You can see why in the exit polls along gender gap. Trump added 5 percent to the GOP margin among men (53-41 percent), while Clinton, the first female nominee of a major party, added only 1 percent (54 to 42 percent) to Obama's spread among female voters. Trump carried the suburbs by 5 points (50-45) whereas Obama narrowly carried the suburbs in 2008 and tied Romney among suburban voters in 2012. This swing in the suburbs was fatal to Clinton given the bump in margin and turnout Trump got from exurban and rural white voters.
Had Comey made but one announcement that the emails were looked at and there would be no prosecution, Clinton would probably have won in the Electoral College, because Trump would have remained the center of attention, but her chronic underperformance problems with these key voting blocs would still have existed.
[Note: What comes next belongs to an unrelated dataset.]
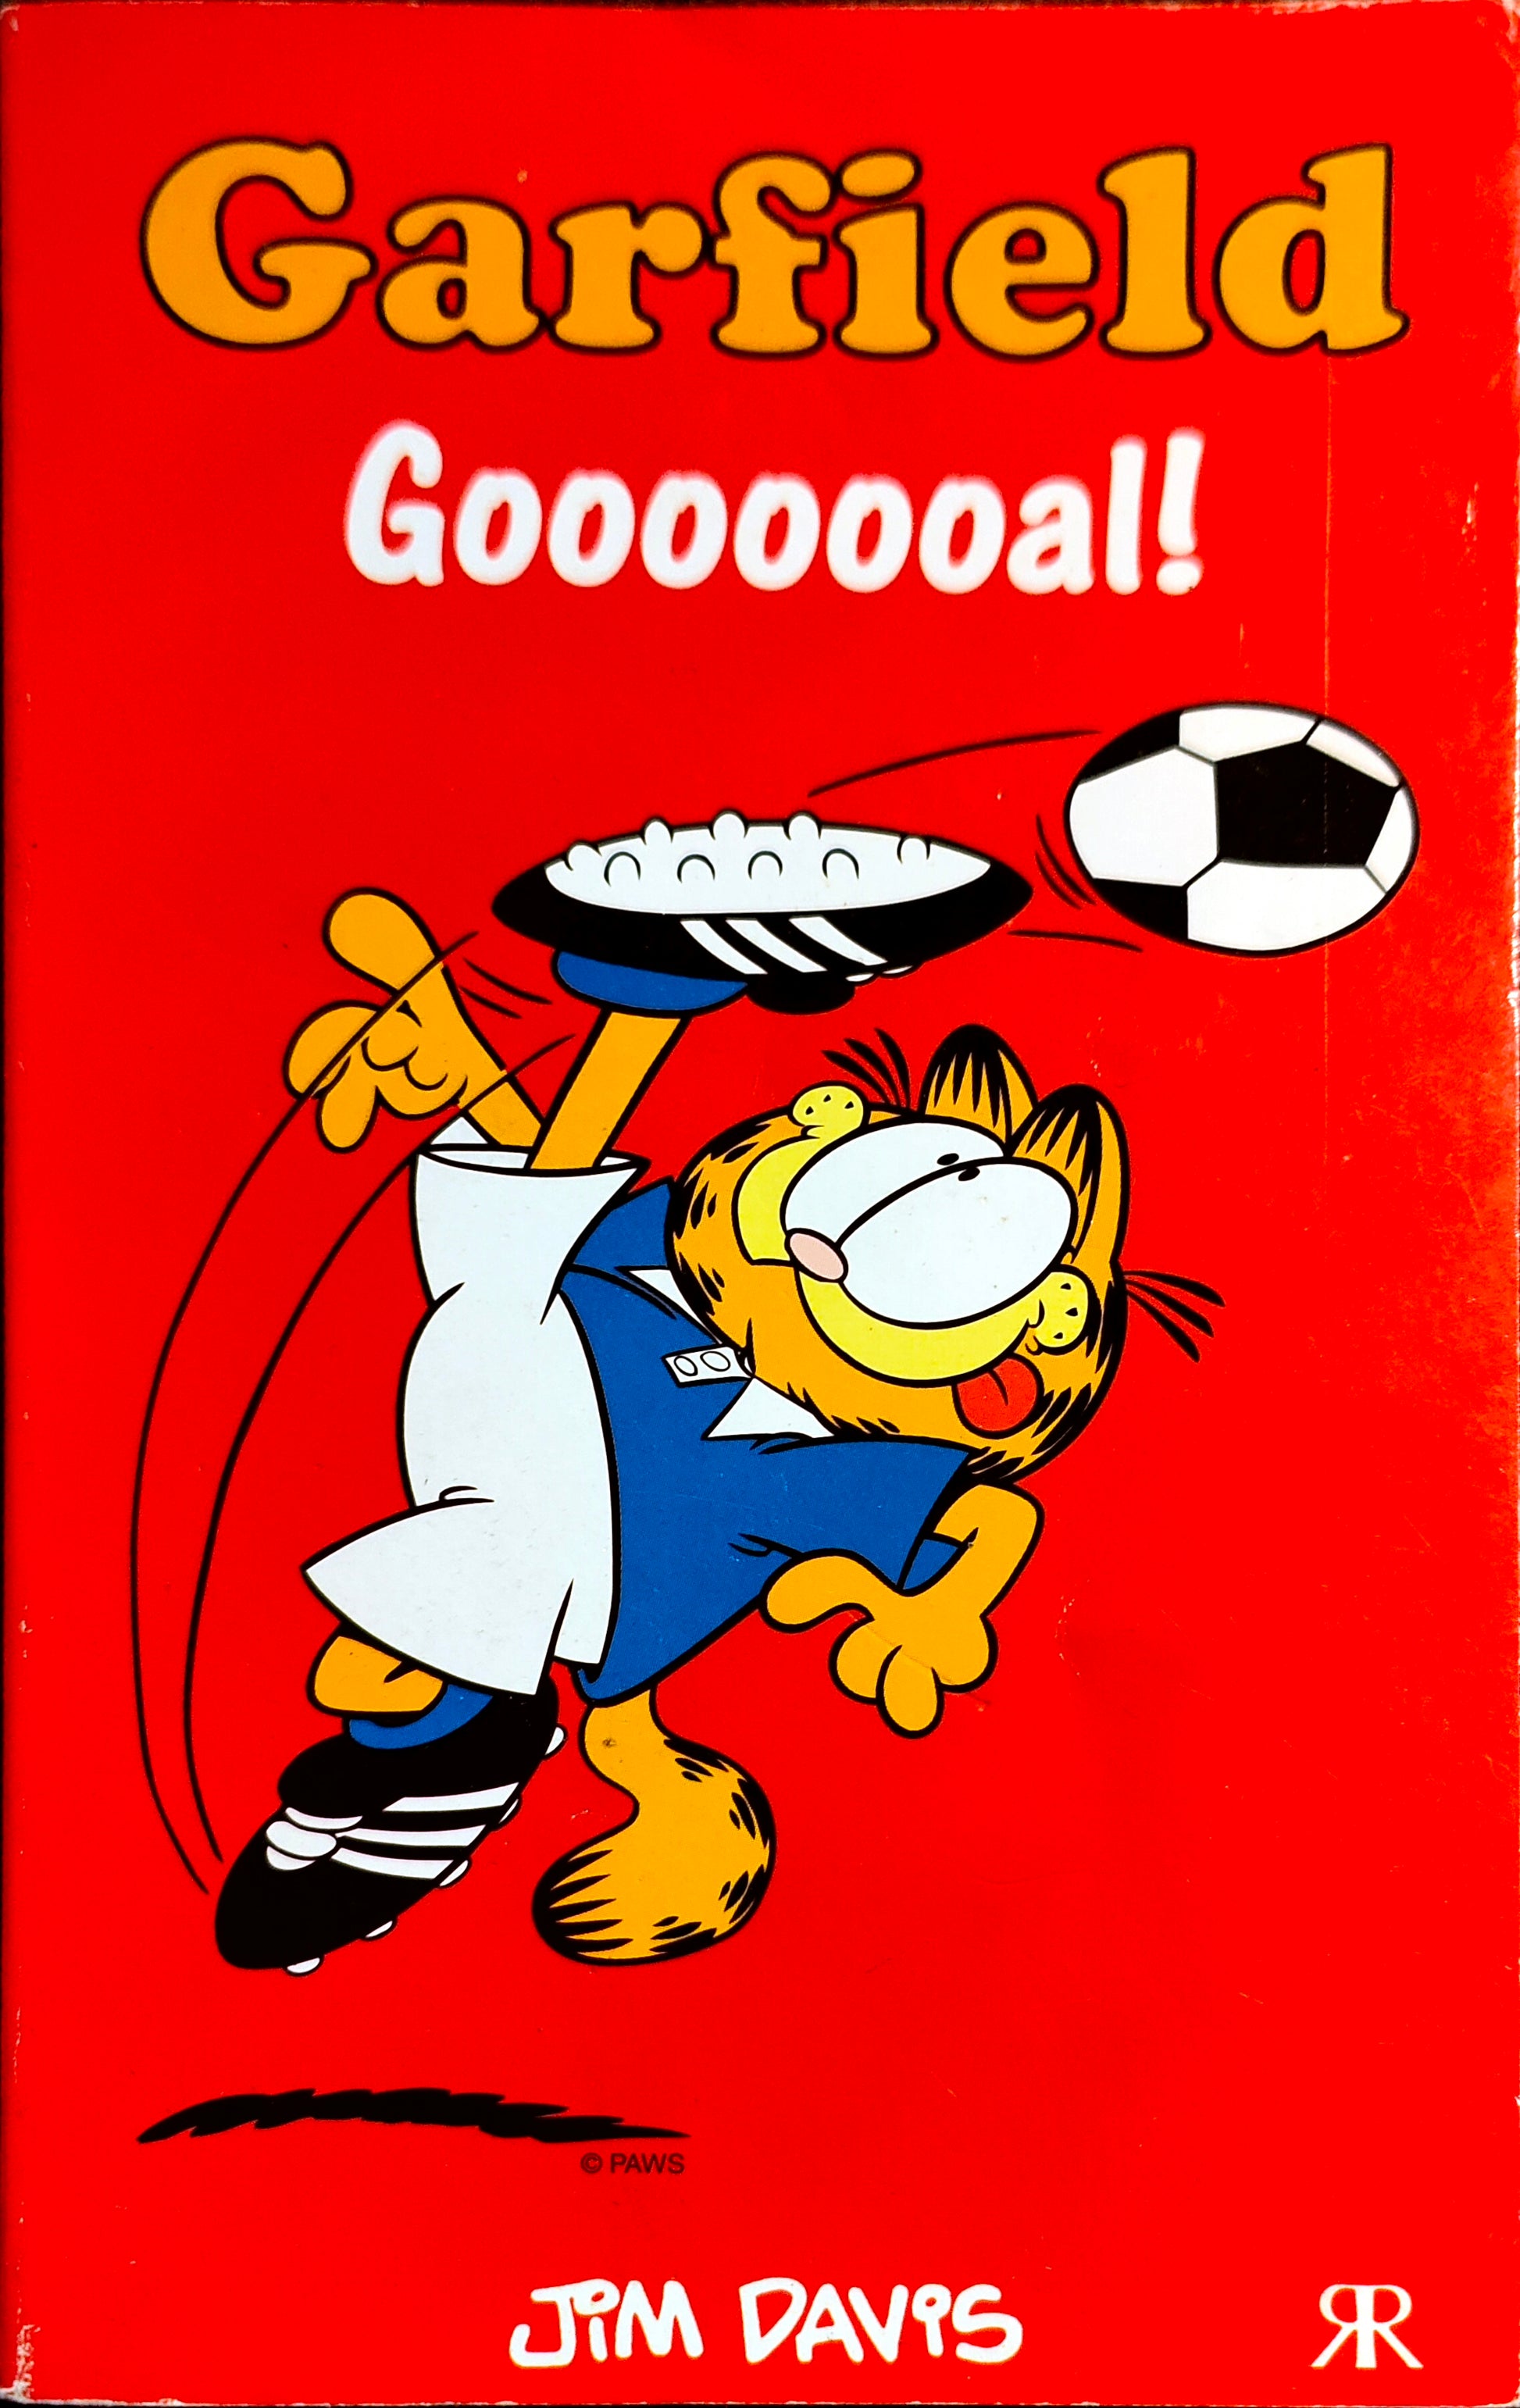 LIVRO - Garfield - Gooooooal!: No. 41 Garfield Pocket Books by Davis, Jim Paperback - USADO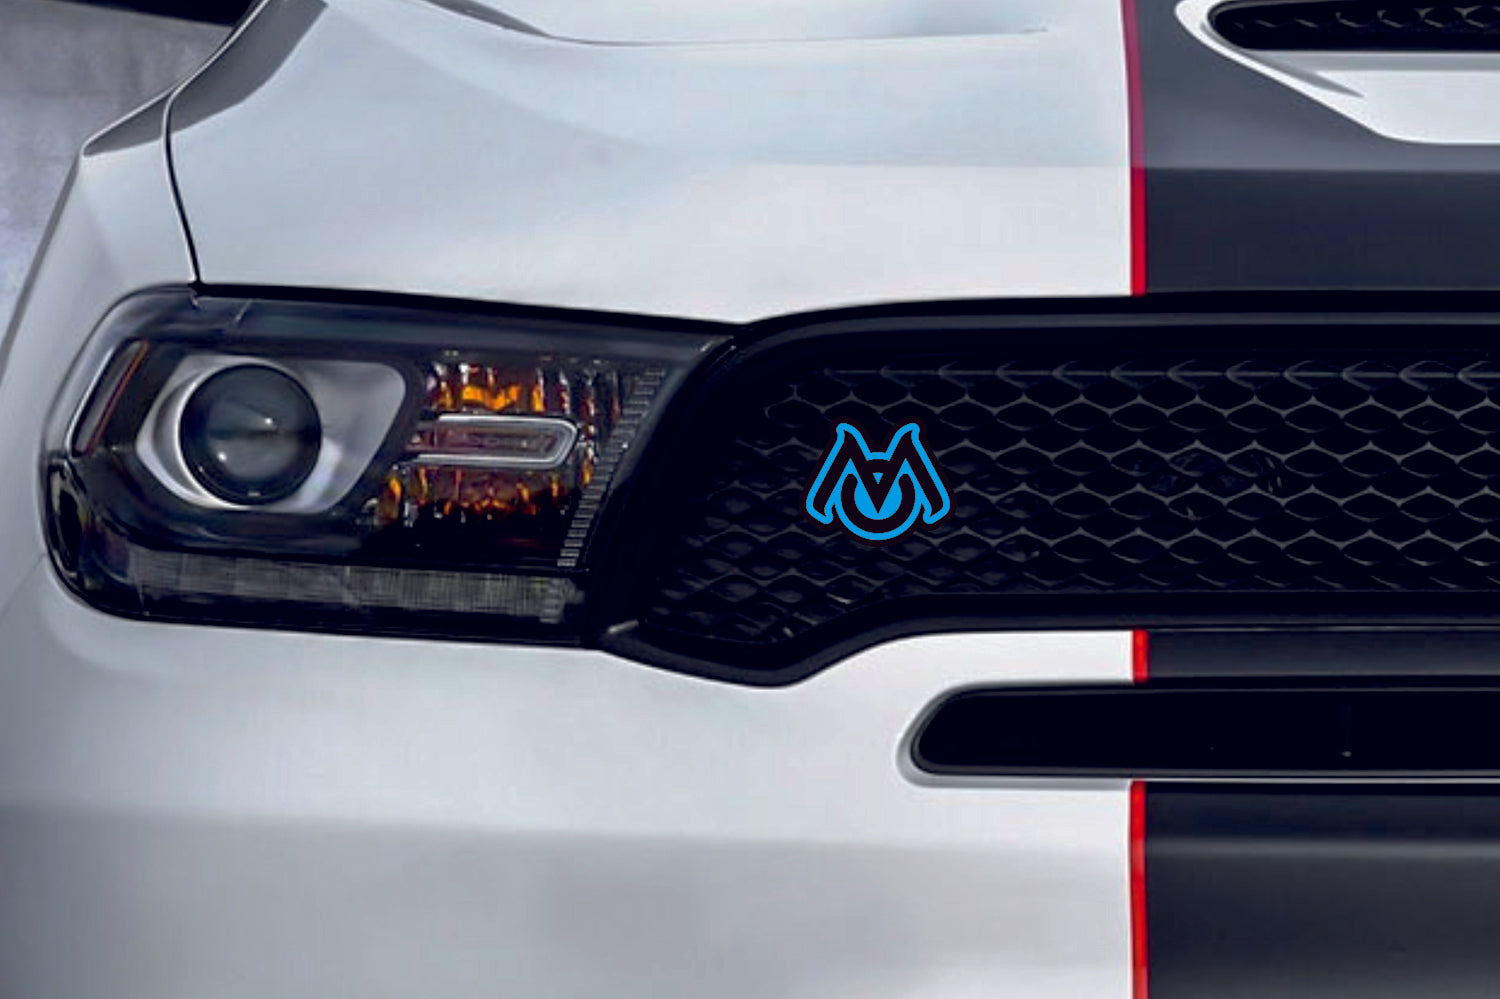 Chrysler Radiator grille emblem with Mopar logo (type 4) - decoinfabric

Which directs us to the final lesson to be learned. Democrats must learn relearn how to play the Al Smith card.
As governor of New York, Al Smith learned to knit together larger crazy quilt coalitions on behalf of social justice around industrial reforms (especially women and children) among folks who did not much like to socialize with each other (among the emerging ethnic groups in the early 20th century: Irish, Italian, Eastern European and Jewish voters) in the industrial North and Midwest. Smith did that weaving issue-based coalitions uniting disparate constituencies, rather than pursuing identity politics, given the rivalries within his party's ethnic stew.
Today, the Democrats desperately need to give working-class whites and struggling middle-class white families the real feeling based upon style as well as substance – that they are fighting for them when they speak for social justice. Knitting together the common aspirations of both white and minority working-class voters is essential for the Democrats, without losing in the fiscally conscious suburbs may be a tall order but it is essential for political success in 21st century American politics.
Alternatively, if Donald Trump's Republicans want to prevail in future elections as the minority share of the electorate continues to grow (in 2016, the exit polls revealed that the aggregate minority share continued its growth rate of 2 percent per presidential cycle hitting a 30 percent share), they must show working-class minority families in terms of tone and content that their economic message will be of benefit to their families, and not just white families. Especially since the looming Republican control of the White House and both houses of Congress means the GOP will own all that happens over the next two years.
In the final analysis, those pleasantly surprised, as well as those depressingly shocked, by Trump's victory, should remember Churchill's observation. Democracy is the worst form of government except for all others. Both parties’ elected officials and our president-elect need to respect the need to nurture our democracy. They should not presume that bonds won't fray dangerously in our nation.
Because, if our governmental leaders forget that central truth, I believe that the voters will hold them accountable. The old African proverb that Adlai Stevenson brought back from the United Nations is a worthy guidepost: "I have learned that in common places, reason abounds, and that in quiet people there is vision and purpose, and that many things are revealed to the humble which are hidden from the great." Both those who won and those who lost Tuesday's elections would be wise to follow that proverb as a governing creed.
Bruce N. Gyory is a political and strategic consultant at Manatt, Phelps & Phillips LLP and an adjunct professor of political science at SUNY Albany.